We reviewed the literature according to the MOOSE guidelines for systematic reviews of observational studies. We identified eligible papers for this review through two separate literature searches, one addressing peer reviewed original journal articles and one addressing the gray literature (non-journal articles and reports). Peer-reviewed papers were searched in PubMed, Web of science, HSELINE and NIOSHTIC-2 from OSH UPDATE. Gray literature was retrieved from searches in HSELINE, NIOSHTIC-2 and from OSH UPDATE. The search methodology followed a PICO (population or patient, intervention, comparison, and outcome) format. The search strategy combined sets of keywords, using AND/OR terms in Boolean logic. Keywords for the search strategy are provided in the appendix (table S2, www.sjweh.fi/show_abstract.php?abstract_id=3775). Details of the search strategy are also shown in the appendix. Six earlier reviews (49) were scanned to include additional studies.

In order to be included in this review the following criteria had to be fulfilled: (i) The study should be in English or Scandinavian language and published between 1966 and February 2017 in a peer-reviewed journal, report or on a website (gray literature).

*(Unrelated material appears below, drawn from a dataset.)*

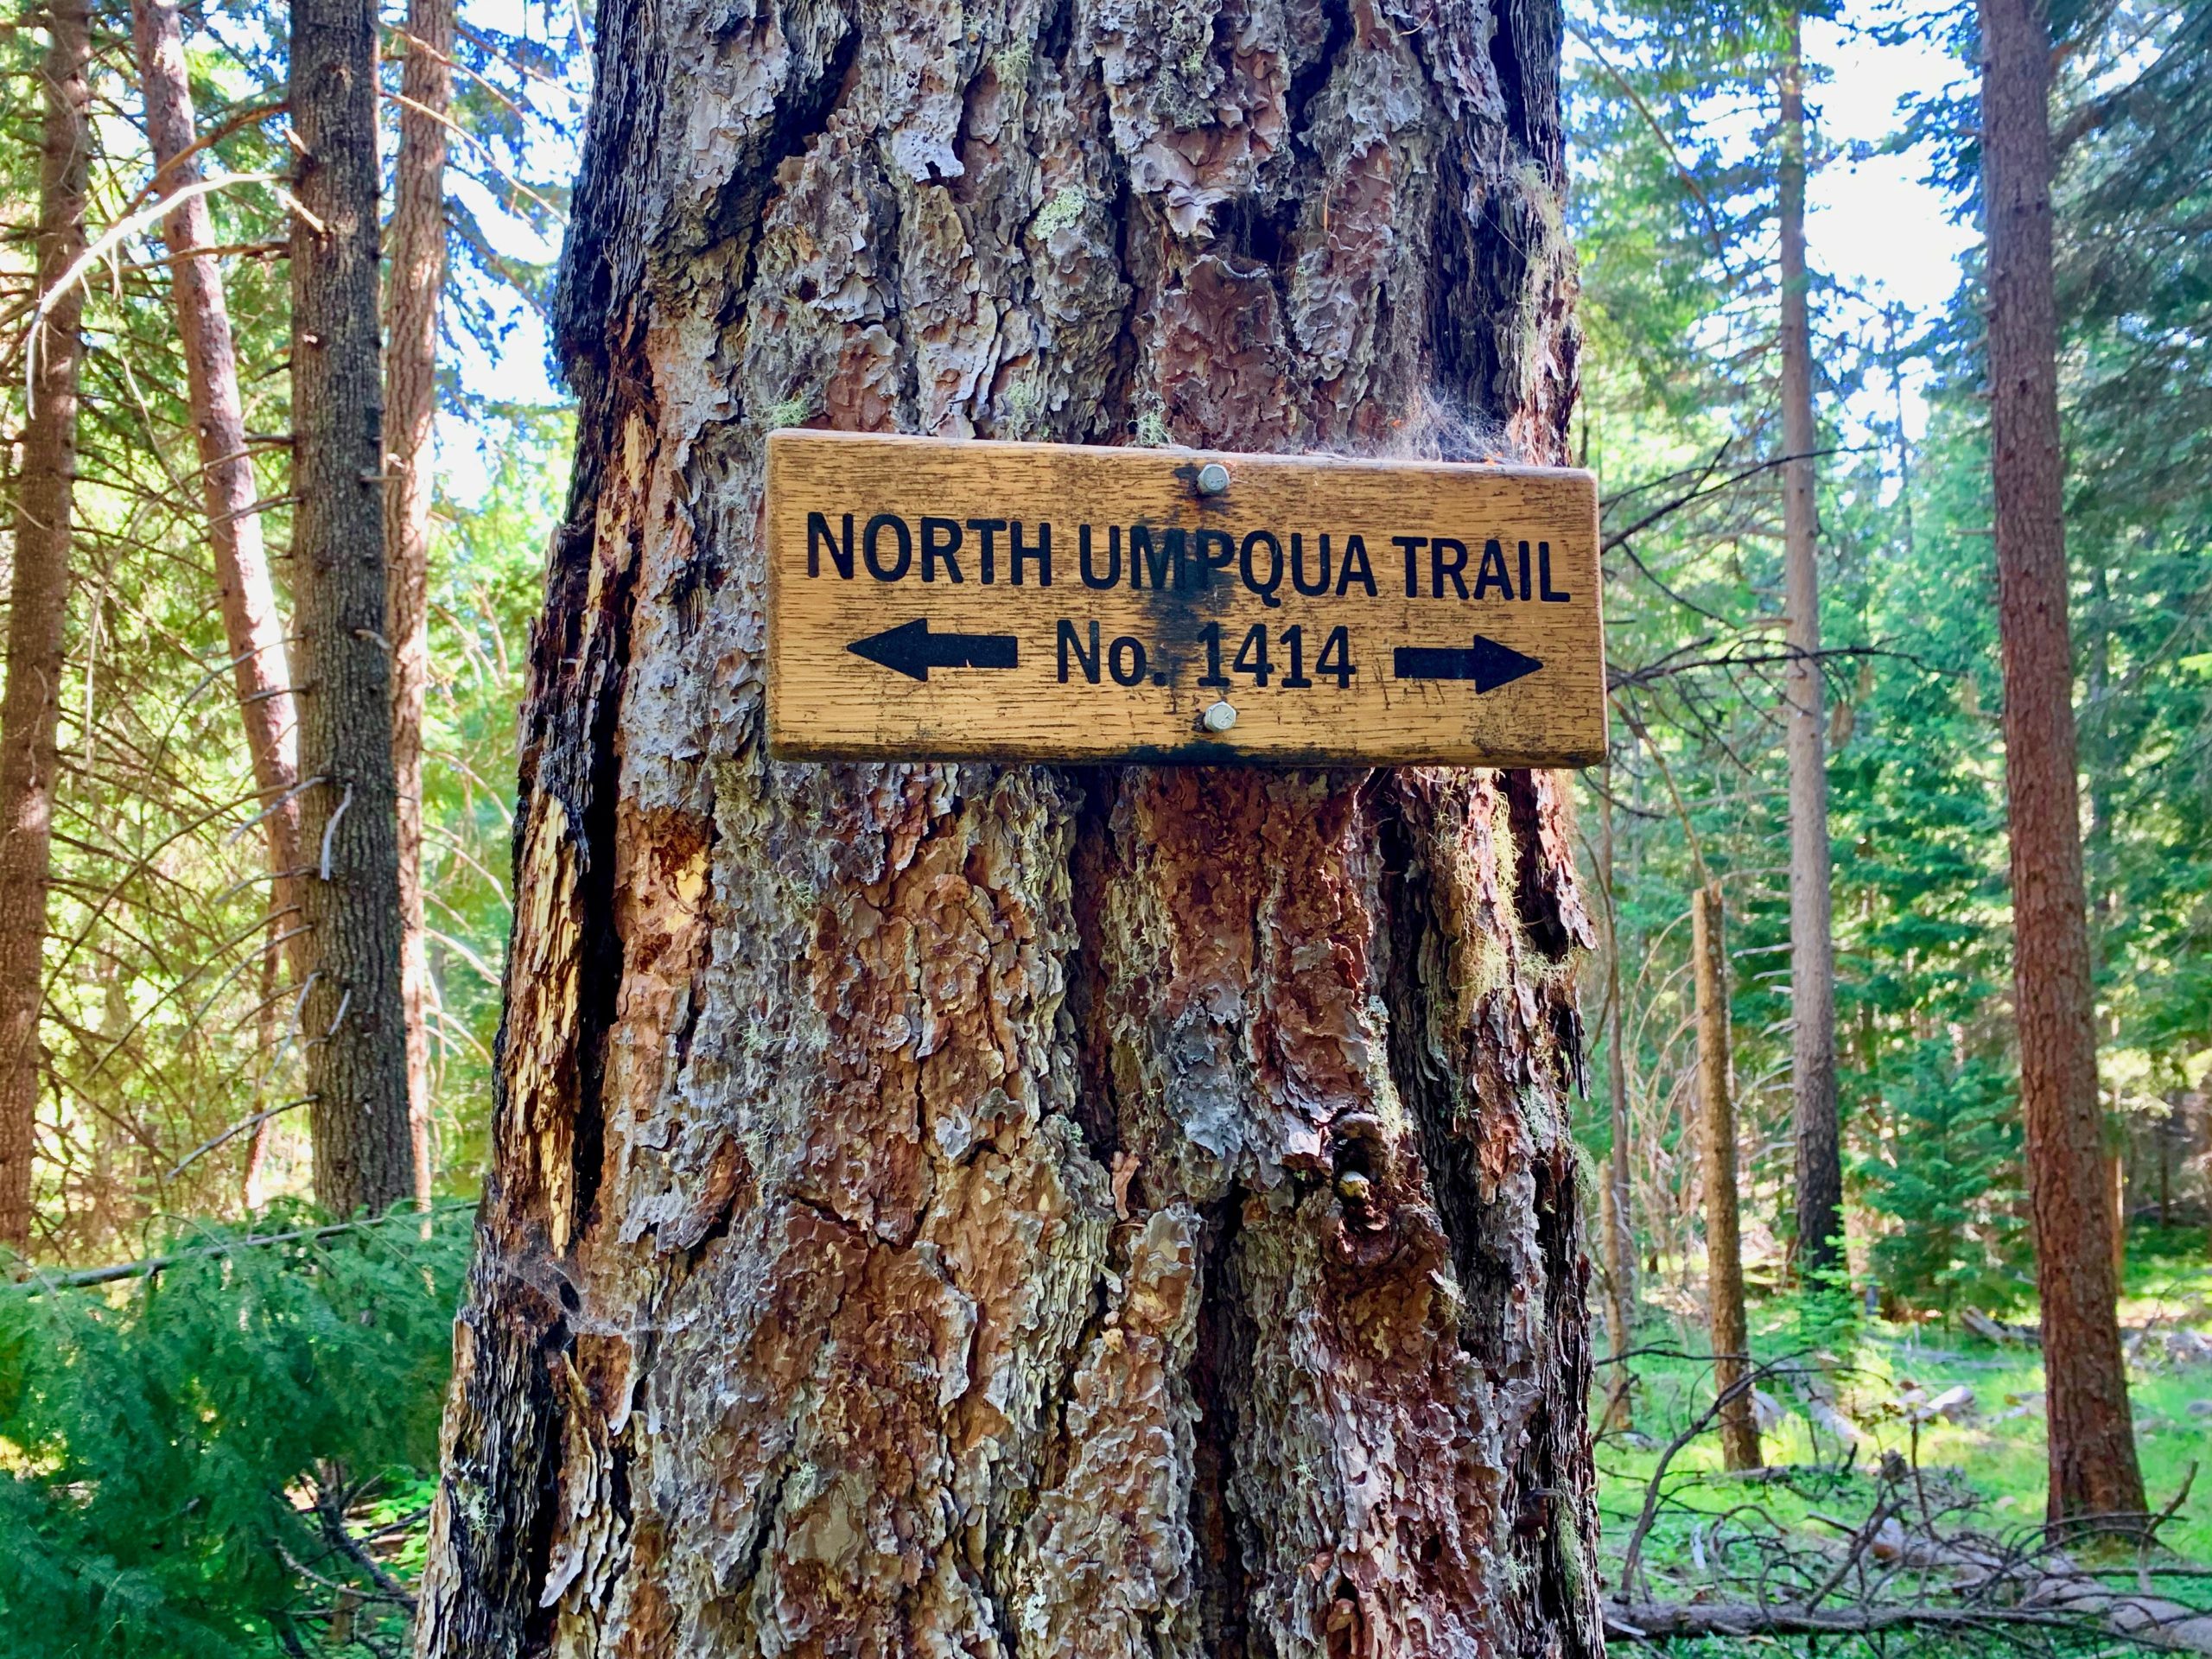 North Umpqua Trail

Abstracts only were excluded. (ii) The study should have investigated working environment issues. (iii) The study should report on a well-defined intervention relevant for an occupational safety and health authority such as regulatory actions that the WEA could make on OHS legislation or other regulations that could be enforced by the WEA, such as inspections, training, campaigns or the introduction of technical device. Studies of workplace interventions that do not explicitly involve OSH authorities as an active or potential player were not included. Thus, intervention studies of physical and mental health training of workers at the workplace and /or treatment studies were not eligible. (iv) The study should include a relevant outcome eg, injuries, fatalities, occupational exposure, sick leave, work-related symptoms and disease and compliance. (v) The study should at best include a control group or a reference such as before-after comparisons or other types of controlled designs. Simple before-after comparisons without a control group were included to meet the call for a broader review. (vi) The study should provide quantitative measures of intervention effects with confidence intervals (CI) or provide data enabling calculation of risk estimates and associated uncertainties.

At the title and abstract screening stage, the facilities from www.covidence.org were used. One author screened all studies identified by the search according to the eligibility criteria, and three other authors provided second screenings. Disagreements (7% of papers) between readers were resolved by consensus. Two authors screen all the gray literature from OSH and NIOSH in Covidence using the same inclusion criteria as that of journal papers except that risk estimates were not requested because most of the gray literature did not provide sufficient information to calculate risk estimates.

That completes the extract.